Ce hameau trouverait son origine dans le mot saboiam, forme ancienne de Savoie et survivance de l’occupation savoyarde de notre région.

Selon une autre hypothèse, ce nom désignerait les terres argileuses.

A partir des années 1920 commença à se poser le problème du hameau du sabot alors rattaché à la commune de Charnècles.

Bien que charnèclois, la quarantaine d’habitants du sabot vivait en fait du côté de Vourey : ils y allaient à la messe, leurs enfants y allaient à l’école et ils y étaient enterrés.

Les communications des habitants du sabot avec leur commune administrative était difficile en raison de l’éloignement de Charnècles et du mauvais état de la route qui traversait les terreaux.

De plus la commune assurait l’entretien des chemins et l’alimentation en eau de ce hameau.

Cette situation conduisit à une pétition des habitants du sabot, le 10 mars 1926, demandant leur rattachement à Vourey.

Dès le mois de juin, les deux municipalités se concertèrent pour décider du sort à réserver à cette demande.

Les transactions furent longues pour déterminer les limites du territoire à céder.

L’indécision aboutit à un arrêté du Préfet en date du 18 octobre 1927 convoquant pour le 6 novembre les électeurs du hameau du sabot à la mairie de Charnècles pour désigner une commission syndicale qui donnera son avis sur le rattachement à Vourey.

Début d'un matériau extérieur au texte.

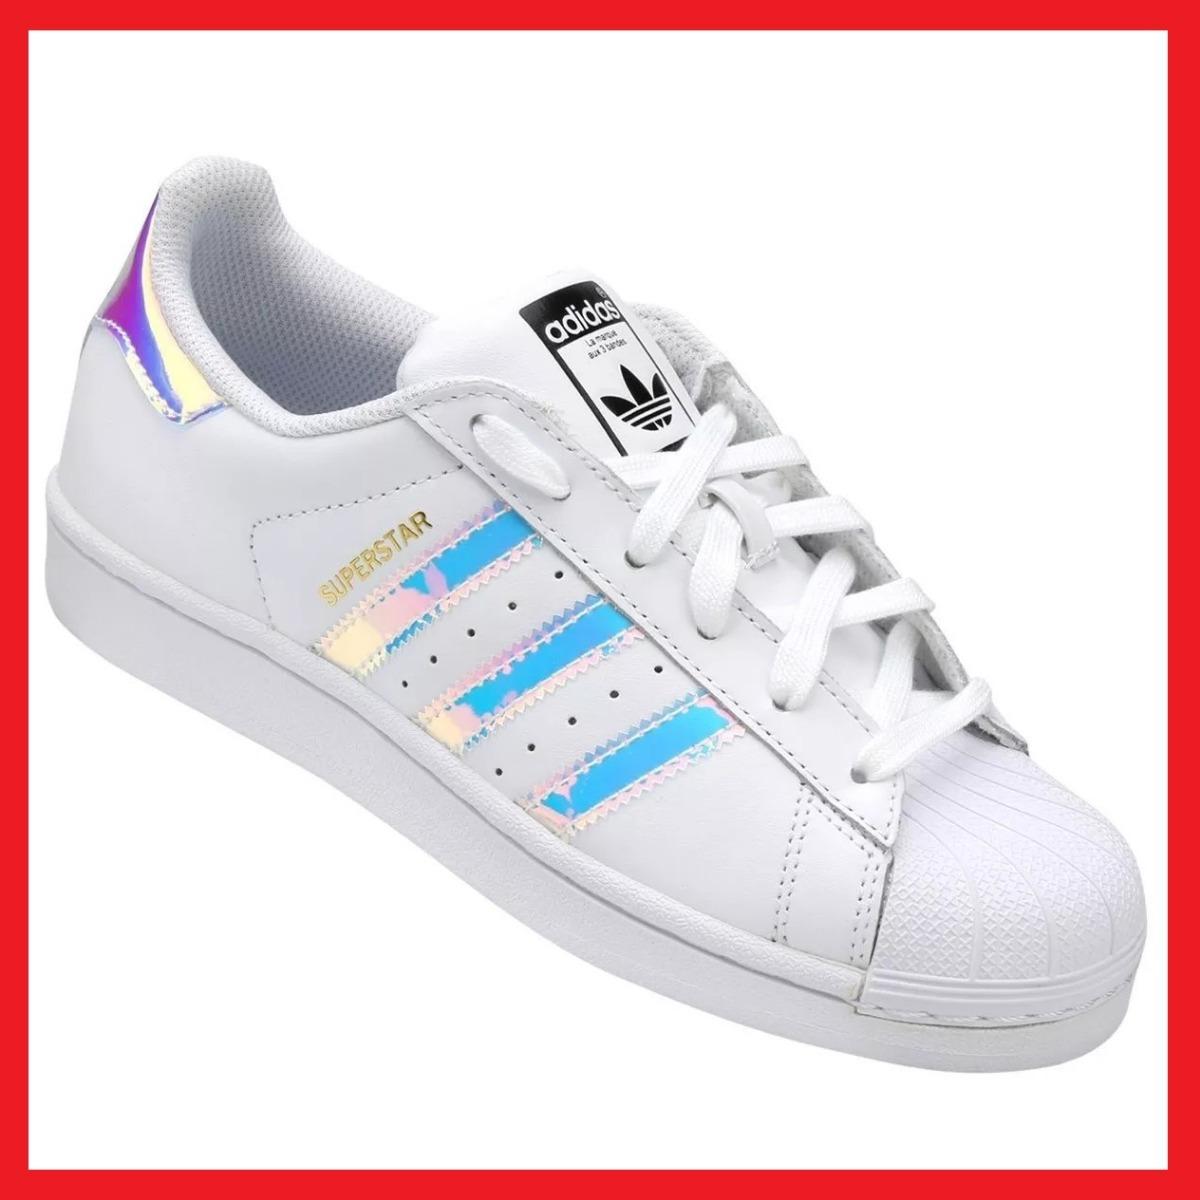 tenis adidas superstar tornasol iridescent con caja enviogra. Cargando zoom. 6f2445f44909a

Le 9 décembre 1927, la commission syndicale donna son avis et celui-ci fut entériné sans observation par la municipalité de Charnècles.

Le dossier, alors transmis au conseil général, traîna quelque peu, butant sur des questions de délimitation des terrains.

L’avis favorable du conseil général est rendu le 6 septembre 1929.

On aboutit finalement à la décision du rattachement du hameau du sabot par décret du Président de la République en date du 6 janvier 1931.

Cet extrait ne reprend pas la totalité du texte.